Meanwhile preheat grill to medium high (400-450 degrees) and soak wooden skewers in water. Thread steak and onion pieces alternately onto 8 10-inch skewers, packing them tightly. Brush with additional oil.

Place skewers on oiled grates; grill, uncovered, turning as needed, until well charred and browned on all sides, 8-10 minutes for medium or until desired degree on doneness. Transfer skewers to a platter; squeeze lemon over top before serving.

NOTE: Make sure, whenever you're making some sort of kebab with cubed meat, to put similar sized meat on one skewer. That way, if you had some random smaller pieces and then other larger pieces, you can easily cook them to the right degree of doneness. Smaller pieces mixed in with large tend to get overcooked.

Serves 4

Prep Time: 15 minutes
Total Time: 45 minutes

Recipe from People Magazine

Tuesday, April 28, 2026

Oreo Dirt Pie

I love Oreos and I love when things come together well with Oreos: ice cream, cookies, cakes, etc. The only thing that didn't work for me on this recipe was the poke cake portion of it. Typically all the stuff would flow into the holes and fill the cake, but mine was still too thick. Tasted fine, but not as it should have been. Maybe I didn't heat the fudge long enough? 

  • 1 box chocolate fudge cake mix, including eggs, oil, and water requested on the box
  • 14.3 oz Oreos
  • 12.8 oz hot fudge
  • 2 packages 3.4 oz dark chocolate instant pudding mix, divided
  • 3 1/2  cup milk, divided
  • 8 oz cool whip
  • gummy worms for topping, optional
Combine cake mix and its required ingredients according to the instructions on the box. Follow the instructions on baking temperature and time as directed on the box for a 9 x 13 inch pan. Cook until a toothpick inserted in the middle comes out clean. Let cool for 10 minutes.

After cake has cooled a little but is still warm, use the end of a wooden spoon or dowel to poke holes all over the top of the cake. Heat the jar of hot fudge in the microwave until you can stir it and thin it out, reserving a little for topping later. Pour fudge over the top of the cake and allow it to absorb until the cake as cooked.

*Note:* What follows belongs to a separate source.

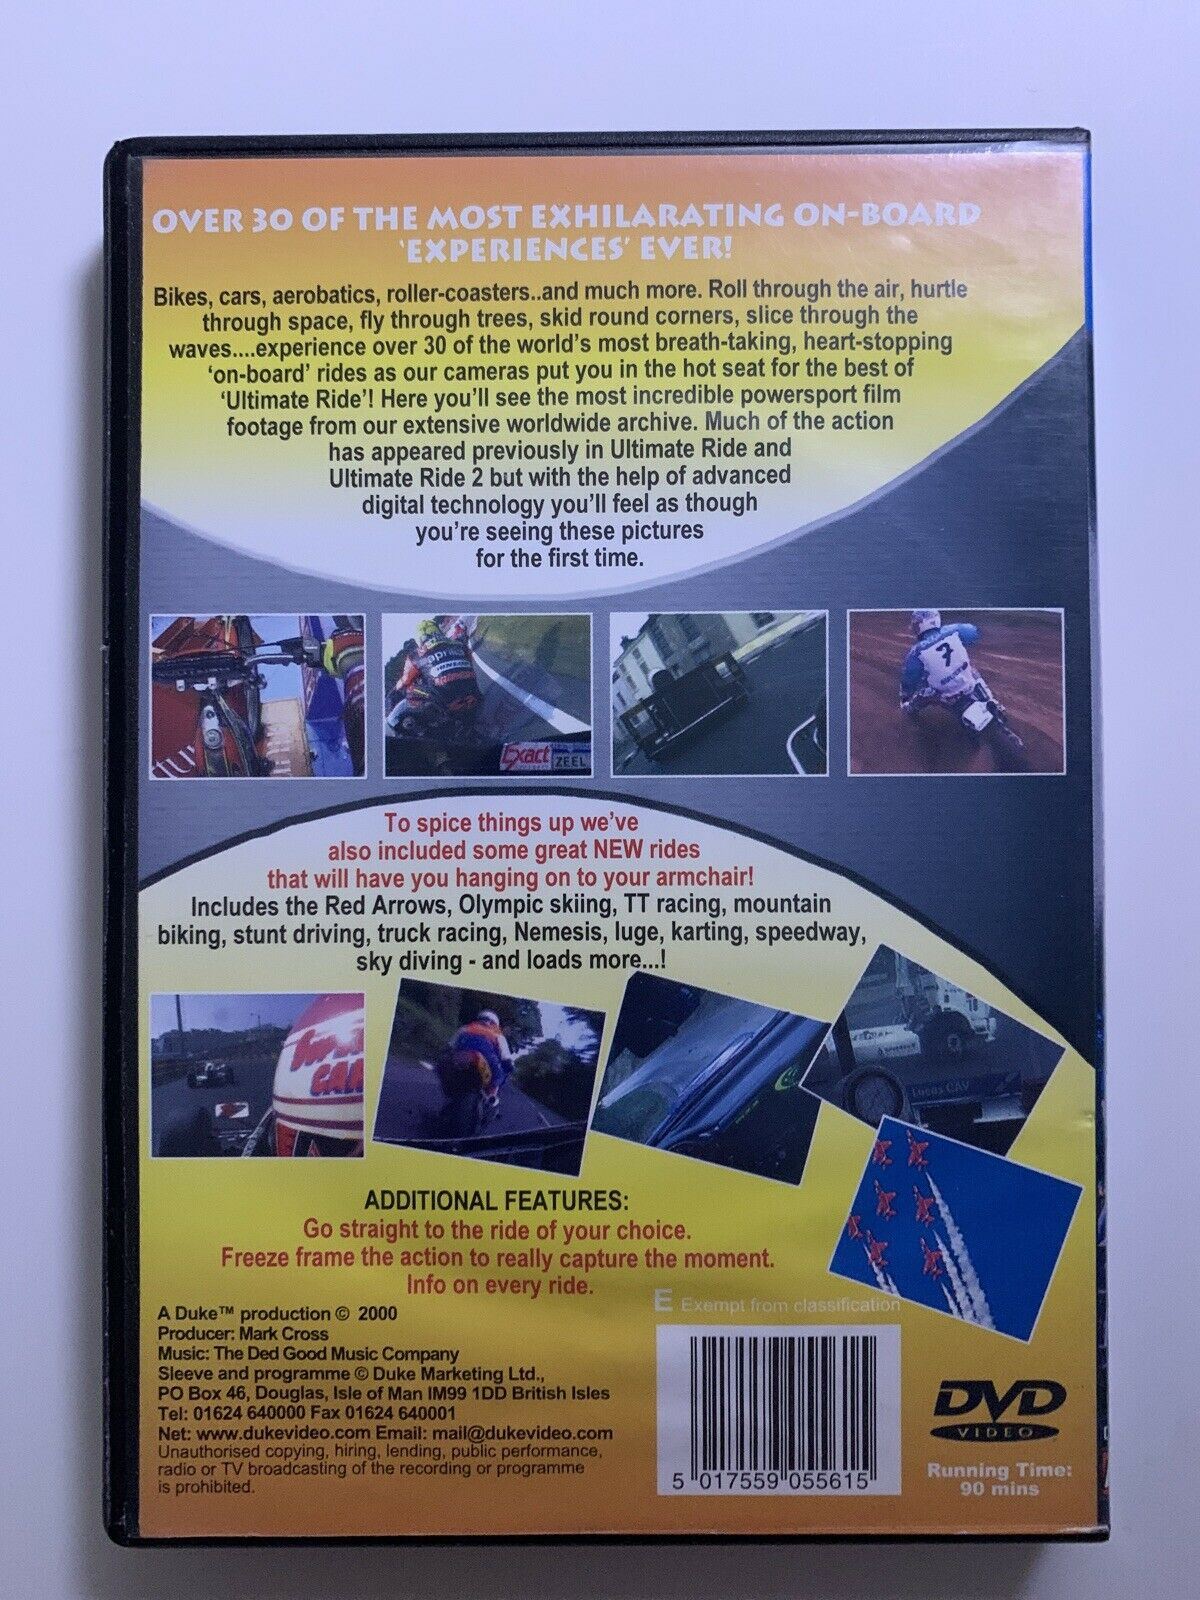 The Best of ULTIMATE RIDE 1 & 2 [Region 4] - DVD - Free Shipping.

Once the cake has completely cooled, prepare one pack of pudding with 1 3/4 cup milk. Before the pudding sets, pour it over the top of the cake. Place the cake in the fridge to let it set, about 15 minutes.

Mix the second box of pudding with the remaining milk. Refrigerate until the pudding has set. While the pudding is setting, place 3/4 of the Oreos in a large zip top bag and crush them using a rolling pin. 

Once the pudding is set, stir in the cool whip until well blended. Mix in crushed Oreos and spread over the top of the cake. Top with remaining hot fudge, Oreos, and worms. Serve cold. Keep leftovers in fridge.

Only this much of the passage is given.